Architectures involving Citrix ADC

Monitoring

The Citrix ADC appliance provides a built-in monitor, CITRIX-XD-DDC monitor, which monitors the Citrix Virtual Apps and Desktop Delivery Controller servers. In the context of Citrix Virtual Apps and Desktops service, the Cloud Connectors are equivalent to the Delivery Controller servers. The monitor sends a probe to the configured controller/connector servers in the form of an XML message. If the server responds to the probe with the identity of the farm, the probe is considered to be successful and the server’s status is marked as UP. If the response does not have a success code or the identity of the server farm is not present in the response, the probe is considered to be a failure and the server’s status is marked as DOWN.

More information about the CITRIX-XD-DDC monitor is available in Citrix ADC documentation.

Citrix ADC for resource locations publishing different apps/desktops

For architectures involving Citrix ADC with resource locations publishing different apps and desktops, the following configurations need to be performed.

  • Aggregate the Cloud Connectors in each resource location to a unique VIP in the ADC load balancer.
  • Enable the StoreFront AdvancedHealthCheck feature as described here.
  • Map each zone / resource location to an ADC Virtual IP (VIP)
  • Add all ADC VIPs as Delivery Controllers to the StoreFront.
  • Set up the ADC load balancer to monitor the Cloud Connectors in each resource location via the CITRIX-XD-DDC monitor.

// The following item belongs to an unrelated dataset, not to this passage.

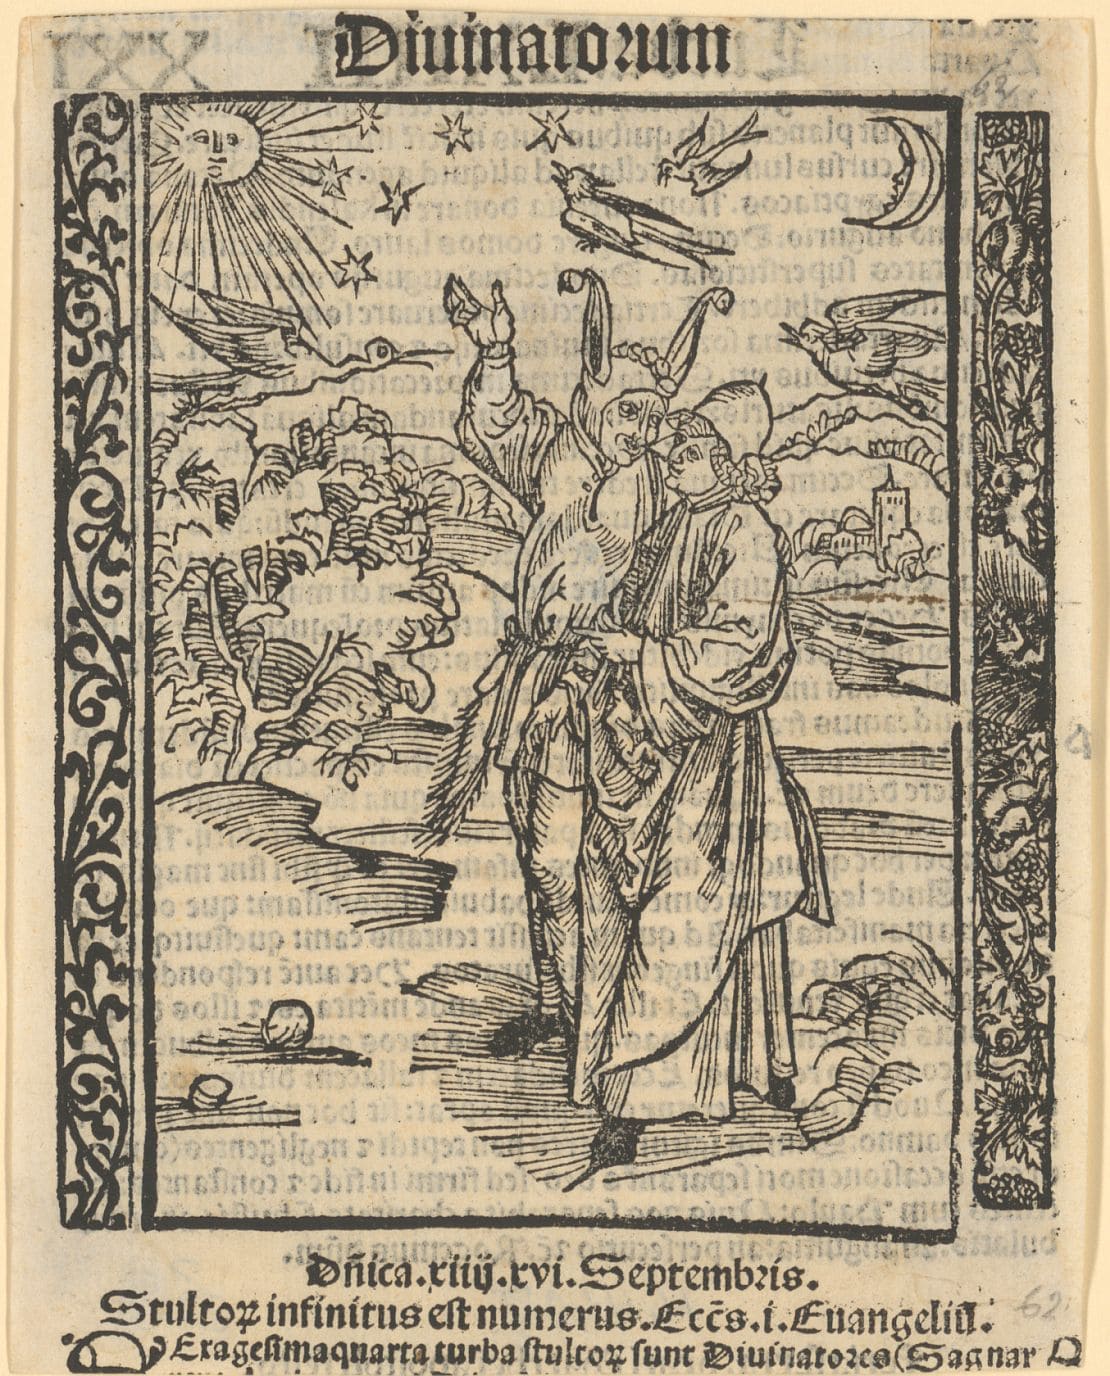 Das Narrenschiff, Kapitel 65: Von achtung des gstirns / Von Astrologie und anderem Aberglauben, 1494 (dt. Urausgabe), 1511 (Druck), (Scan: Ute Bock)
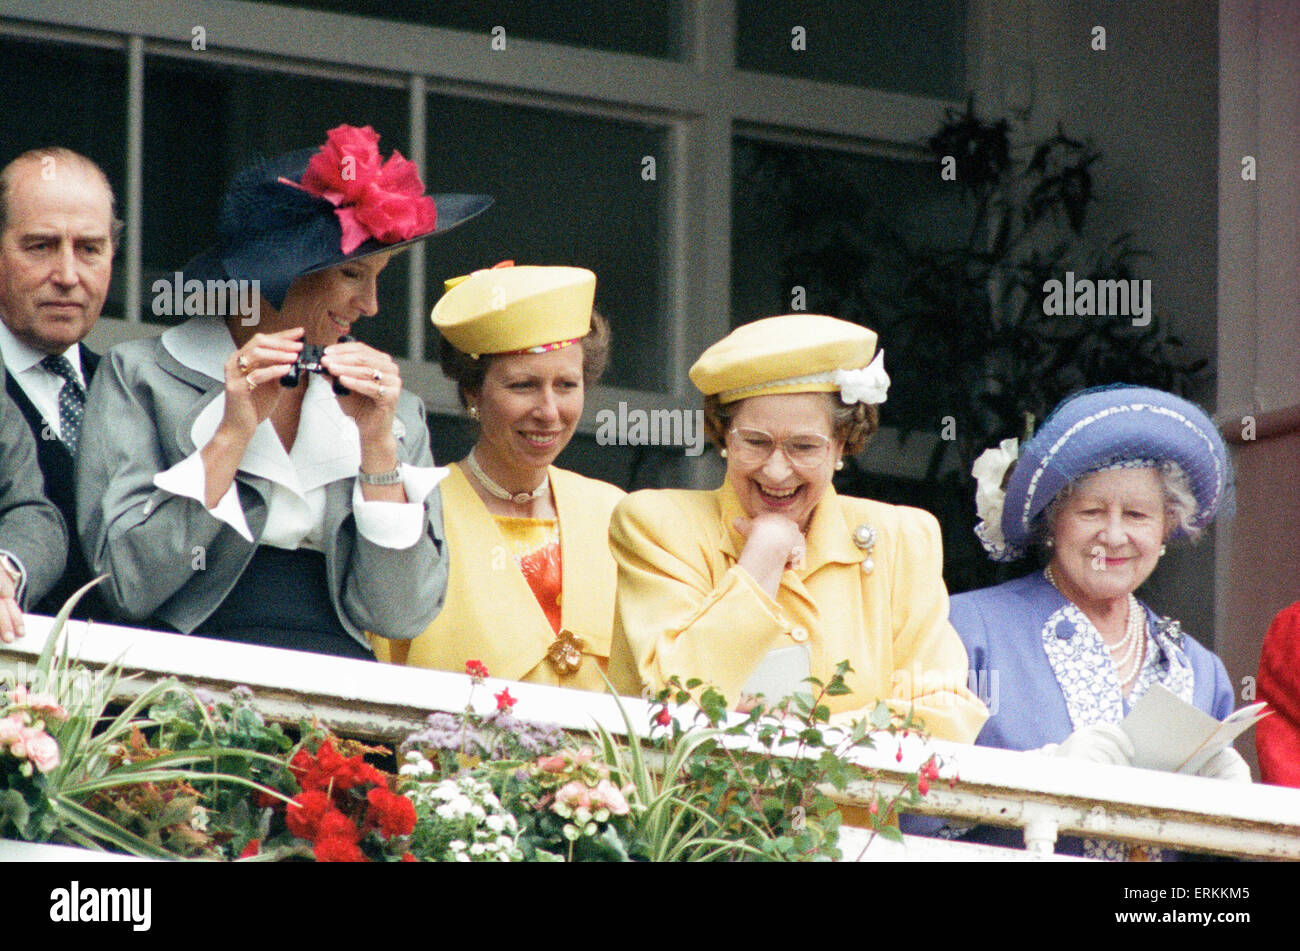 La regina Elisabetta II, Derby giorno, ippodromo di Epsom Downs, mercoledì 1 giugno 1988. Foto Stock

Citrix Virtual Apps and Desktops - Normal Operations

Figure 6: Deployment with multiple Resource Locations and Citrix ADC

Pooled Desktop VDA Workload Considerations

When a user logs off a pooled desktop VDA, the VDA’s image is reset to remove any user specific data on the VDA. When a site is running in HA mode, the reset operation is not available. And hence when a user logs off from a pooled desktop VDA, the machine is placed into maintenance mode. This reset prevents a tainted image being made available to another user.

Depending on the security needs for an implementation, this behavior can be modified by applying a site-wide and a per-delivery-group update. More information about how to override the default behavior is available in the product documentation.

For pooled desktop VDA workloads running on VMware vSphere and Citrix Hypervisor, a new feature which introduces support for power operations during HA mode is available as early preview. This feature adds the capability to reset images even when a site is functioning in HA mode. Read more about the preview offering here.

Testing Local Host Cache

Local Host Cache is designed to work without any user intervention - - it is fully autonomous. You can however verify that all the Cloud Connectors are correctly synced and ready to take over. The following steps are recommended:

  • As described in the earlier sections, every connector performs synchronization of site configuration independently. The results of the sync are available in the Event Viewer. Refer to the Event Logs section of the product documentation for details of the events.
  • An outage can be simulated to test the Local Host Cache solution in an environment. Guidance on how to Force an outage is available in the product documentation. When forcing an outage, take special care to set all the connectors in a resource location to the forced outage mode.